Clearly, the threat landscape continues to become more challenging. The motivation and means for carrying out attacks on information systems is changing. Determined, committed attackers are employing multiple means to breach security controls. Businesses need to respond in kind with multiple security controls, including real‐time monitoring and rapid containment measures.

APTs Today

APTs are sophisticated, multi‐faceted cyber‐attacks targeted at a particular organization. Such attacks are advanced in terms of the techniques that are applied and the insider knowledge the attackers have about their targets. APTs may use multiple vectors, such as malware, vulnerability scanning, targeted hacking, and malicious insiders to compromise security measures. APTs are long‐term, multi‐phase attacks. Early stages of an APT attack may focus on gathering information about network configuration and server operating system (OS) details; later, efforts may focus on installing rootkits or other malware to gain control or establish communication with a command and control server. Later stages of an attack may focus on stealing intellectual property by copying confidential or sensitive data. It is important to understand that APTs are not a new means of conducting an attack and are not something that can be blocked or disrupted once and the problem goes away. APTs are better understood to be more like a cyber‐attack campaign than a single type of threat; think ongoing processes. An antivirus program may block malware used in an APT attack but that does not mean the attack is stopped. By its very nature, an APT is an ongoing attack. If one tactic does not work, another will be attempted. Realistically, we should not be thinking in terms of a single countermeasure or even adding more layers to a layered security strategy; rather, we should be thinking of processes that together can block when possible and detect and contain breaches in other cases. It's reasonable at this point to ask, How did we get here?

The Evolving Threat Landscape

Businesses and governments face an evolving threat landscape. What began with attempts to gain bragging rights about defacing a major newspaper's Web site or blocking service to a popular site with a Denial of Service (DoS) attack has shifted to attacking for financial gain. Attackers can realize direct financial gains by fraud and intellectual property theft or indirectly by disrupting a competitor's ability to deliver services or conducting a widely publicized data breach that compromises customer private financial information. Besides the changes in motivations, there are changes in the means of implementing attacks.

Changes in application architectures and the decentralization of core operations create opportunities for attackers. In the past, bank tellers and ATM machines were the only ways to conduct transactions with your bank accounts—now you can do it with your phone. It was not that long ago that talk about retailers invoked images of brick‐and‐mortar stores and malls; now it is just as likely to bring to mind Web sites that sell everything from books to appliances. The Web applications that provide many of the services businesses offer implement workflows that ultimately lead to back‐office systems like inventory management and accounts receivables. These can readily become the target for vulnerability scans, injection attacks, and other probes that reveal information about the application architecture and potential vulnerabilities.

Another factor in the evolving threat landscape is the combination of techniques that may be used. Malware can be used to perform a specific task, such as capture keystrokes, or it may include a communications module that works with a command and control server to download instructions allowing attackers to probe, make discoveries, and adapt their tactics to their findings.

Some of the techniques we see in APTs we have seen in the past with blended threats that used a single attack vector to deliver multiple forms of malicious software.
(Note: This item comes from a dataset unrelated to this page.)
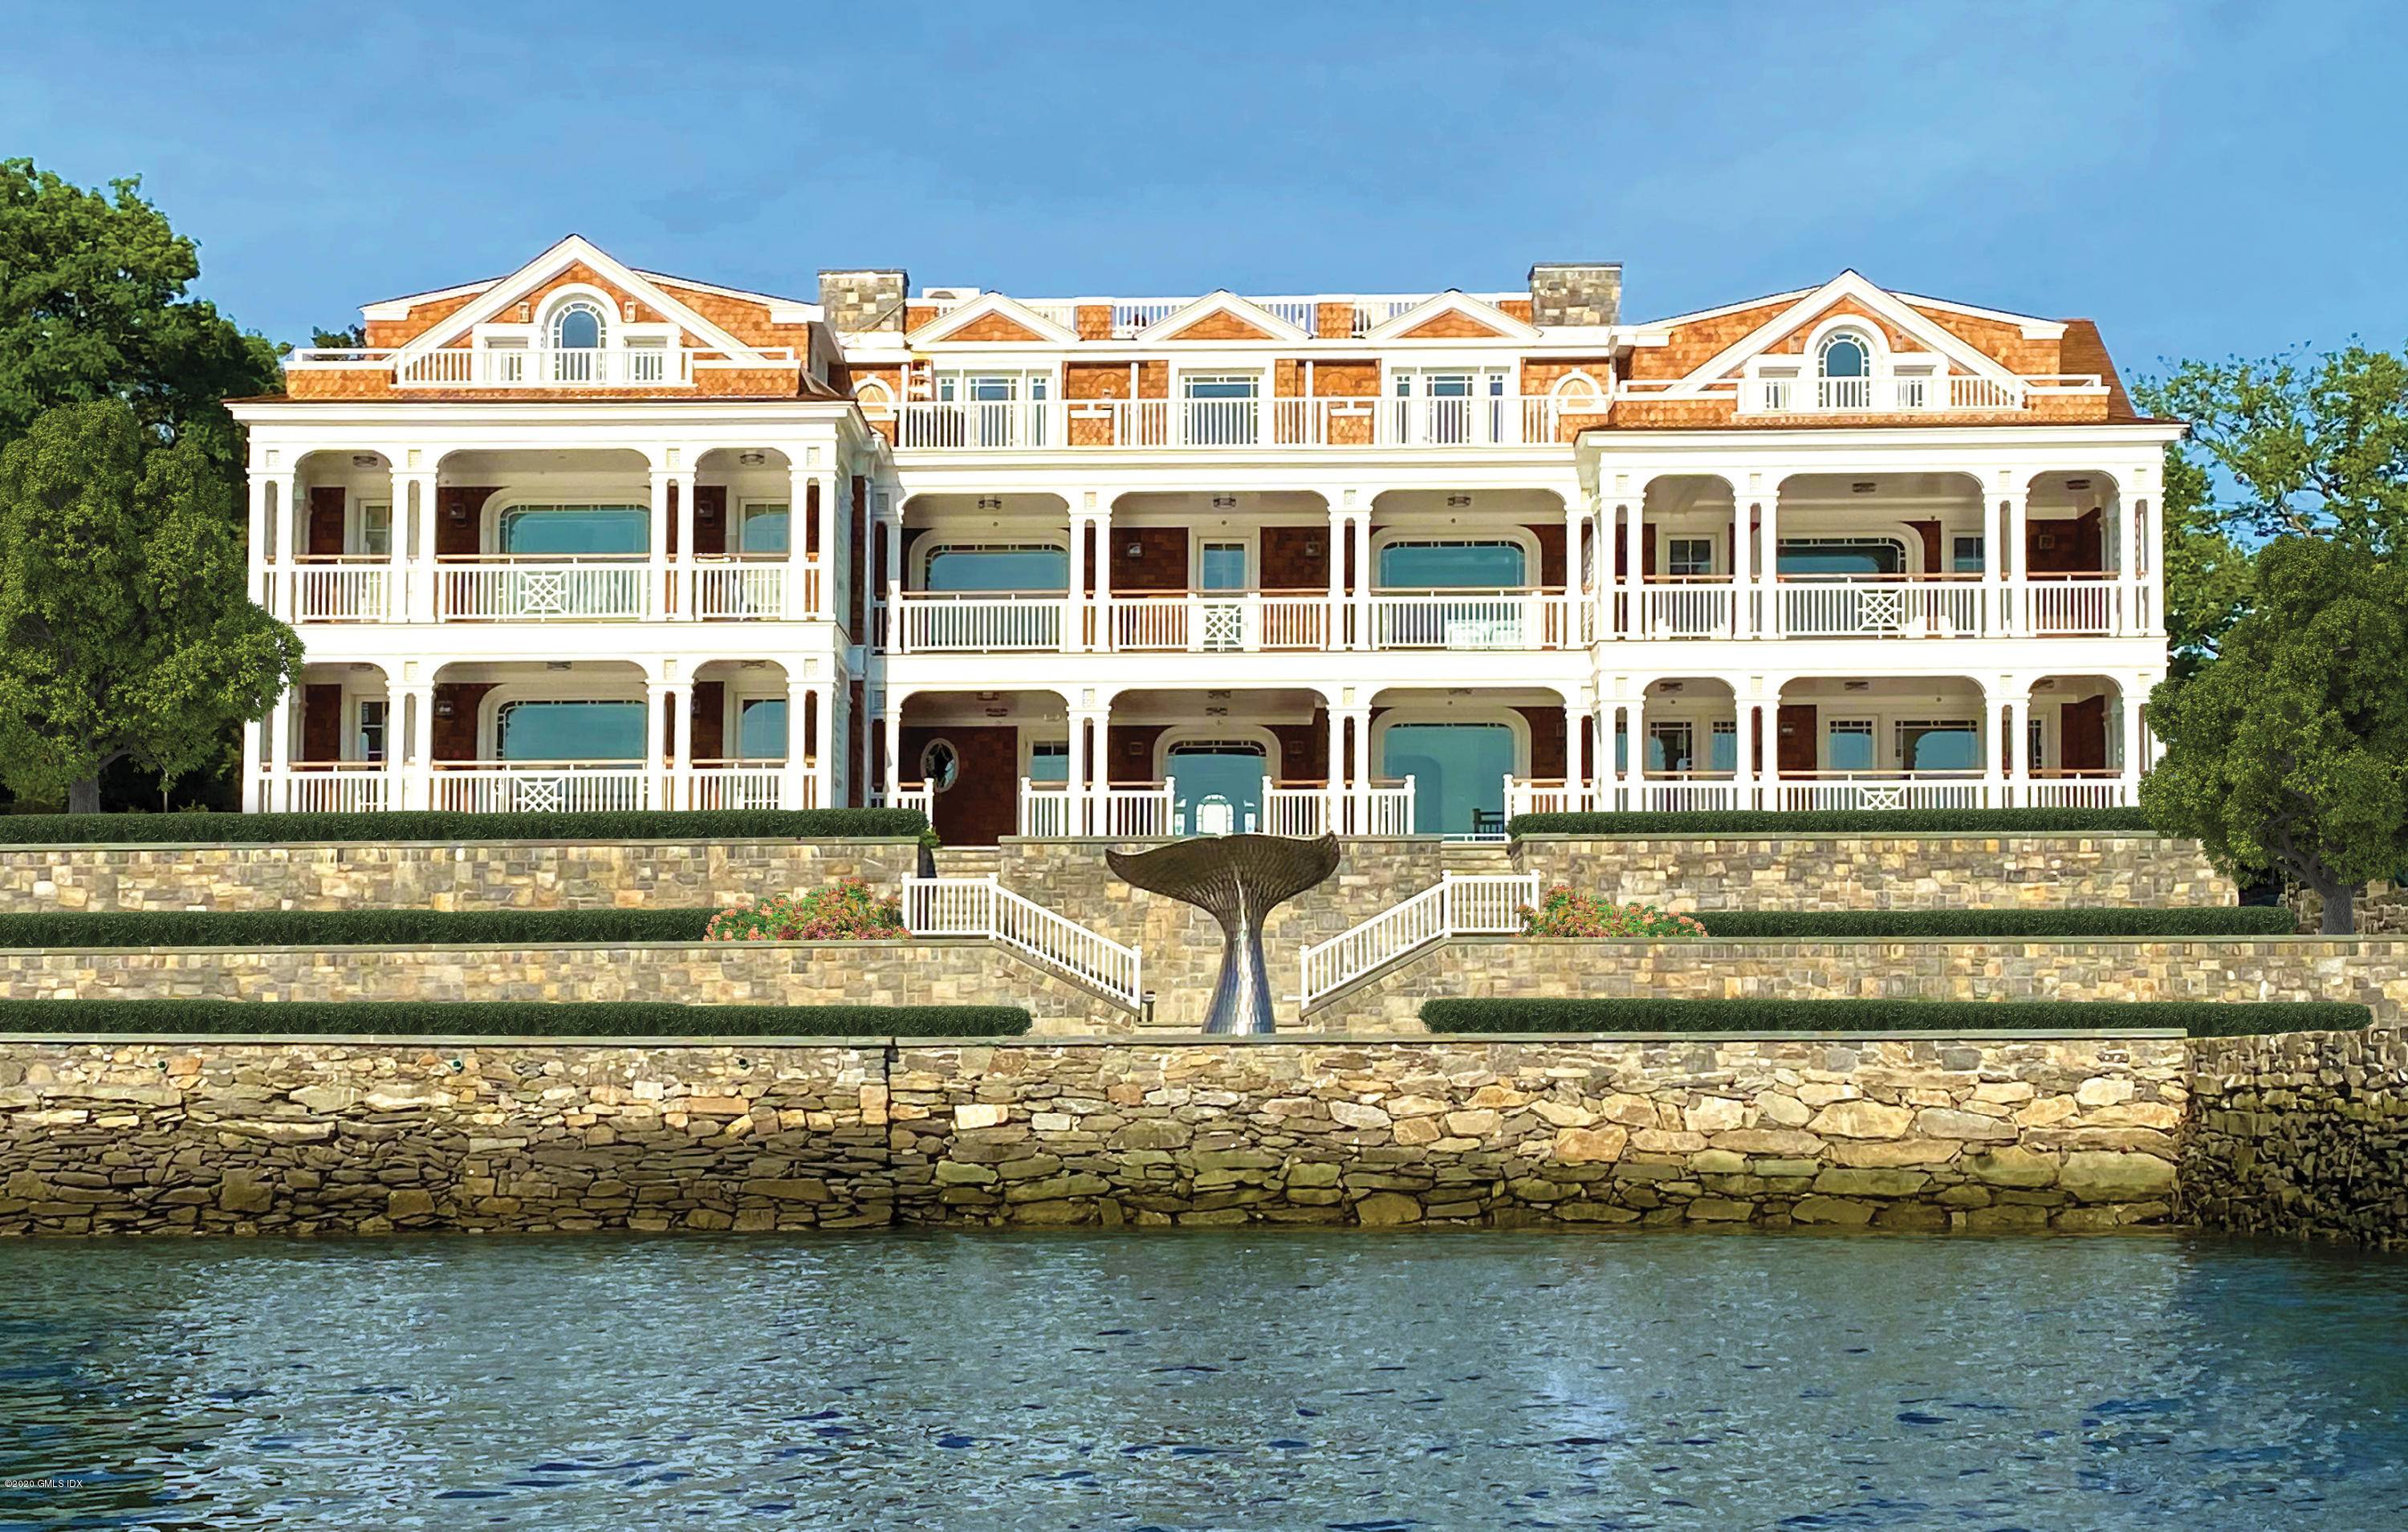 Rare Direct Waterfront Boutique Condominium ''The Corsair'' offers breathtaking views, concierge luxury, a Hinckley timeshare, waterside pool, private dock deep water mooring option on Greenwich Harbor.
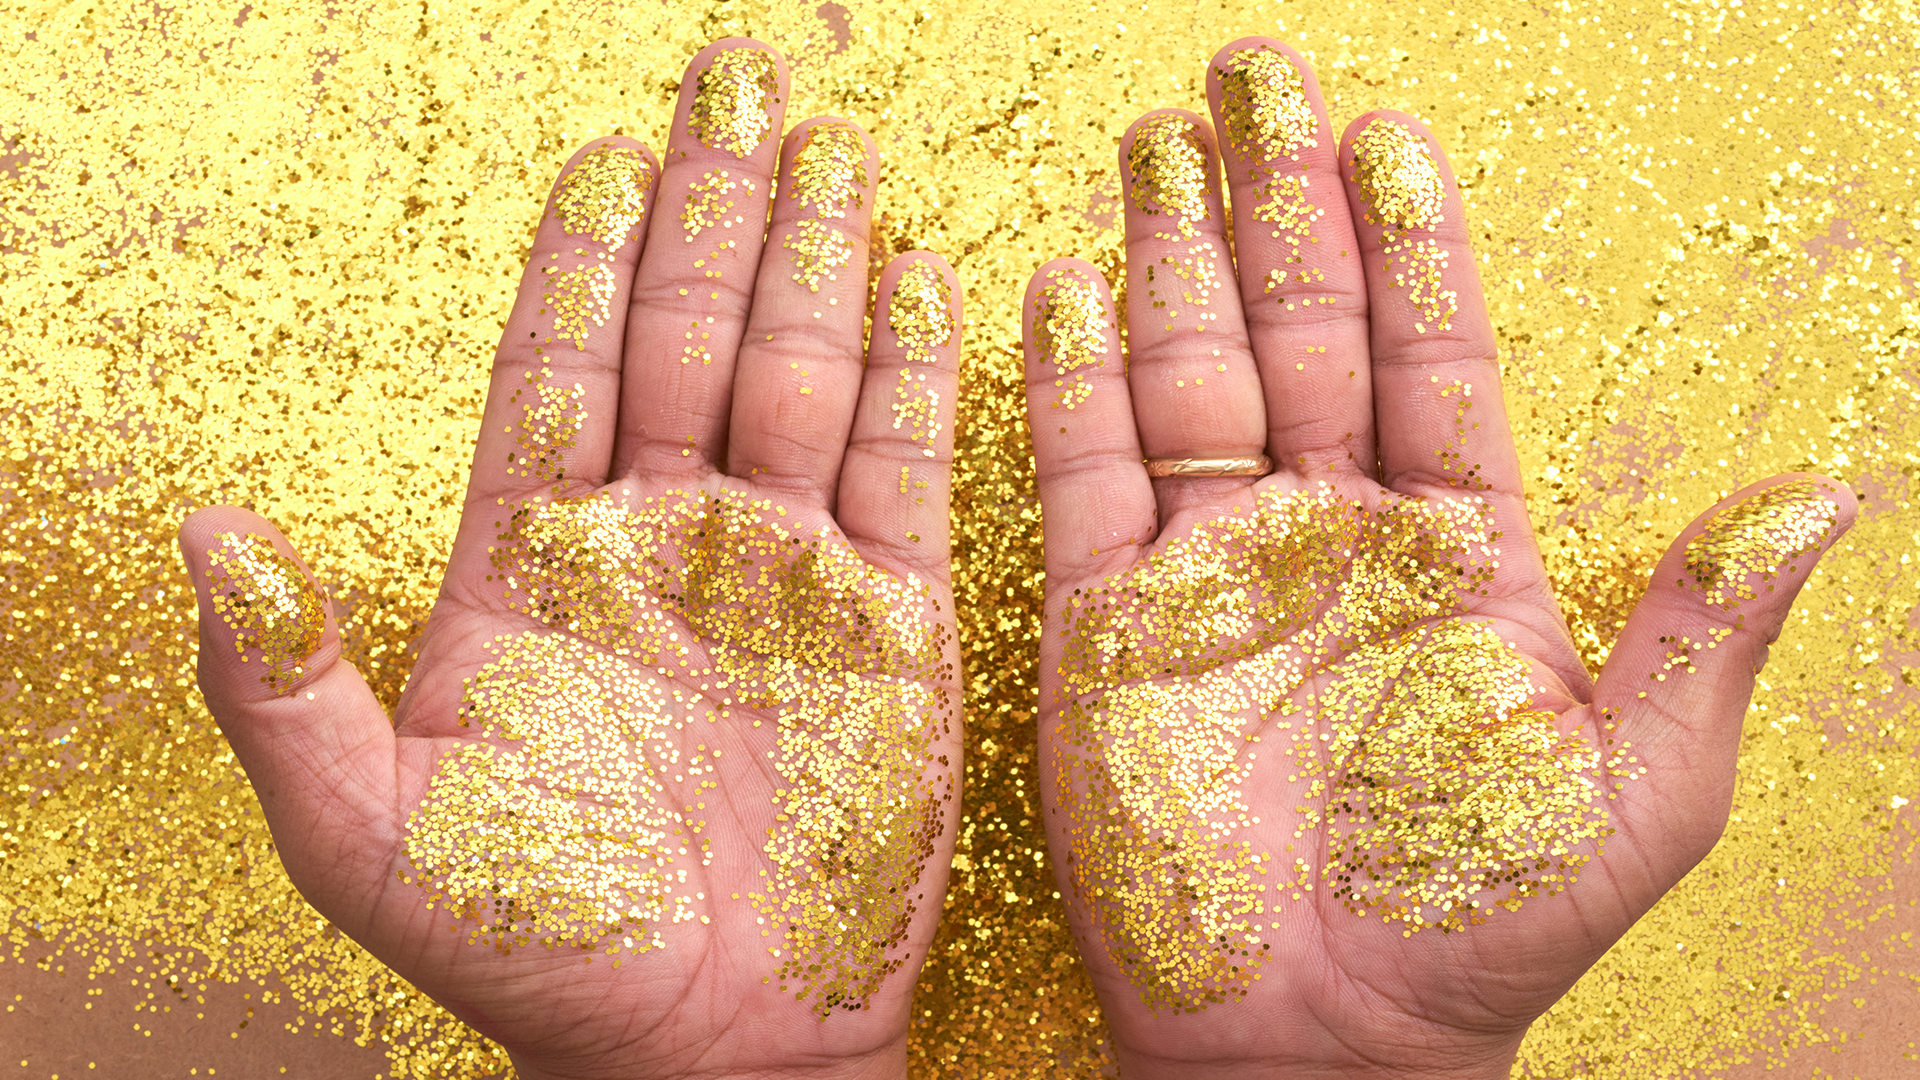 Hands with glitter all over them

We also see attacks will change in response to countermeasures. When antivirus software successfully detected viruses using pattern‐matching techniques, malware developers employed encryption and polymorphic techniques to scramble their code enough to avoid detection. Similarly, if one route of entry in a system is blocked, an APT will look for another. The dynamic nature of APTs is a common characteristic of security threats, but there are characteristics that distinguish APTs from other types of attacks.

Elements of APTs

At the most basic level, there are three characteristics of an attack that make it an APT:

  • Motivated by financial gain or competitive advantage
  • A long‐term, sustained attack
  • Targeted at a specific company, organization, or platform

Businesses and governments are the targets of APTs for obvious reasons. Businesses have both financial assets and intellectual property that are highly valued. Governments have faced outside aggression probably for as long as there have been governments—thus, the concept of APTs is in many ways nothing new. What is new is that the means of executing such threats have moved into the realm of networks and applications.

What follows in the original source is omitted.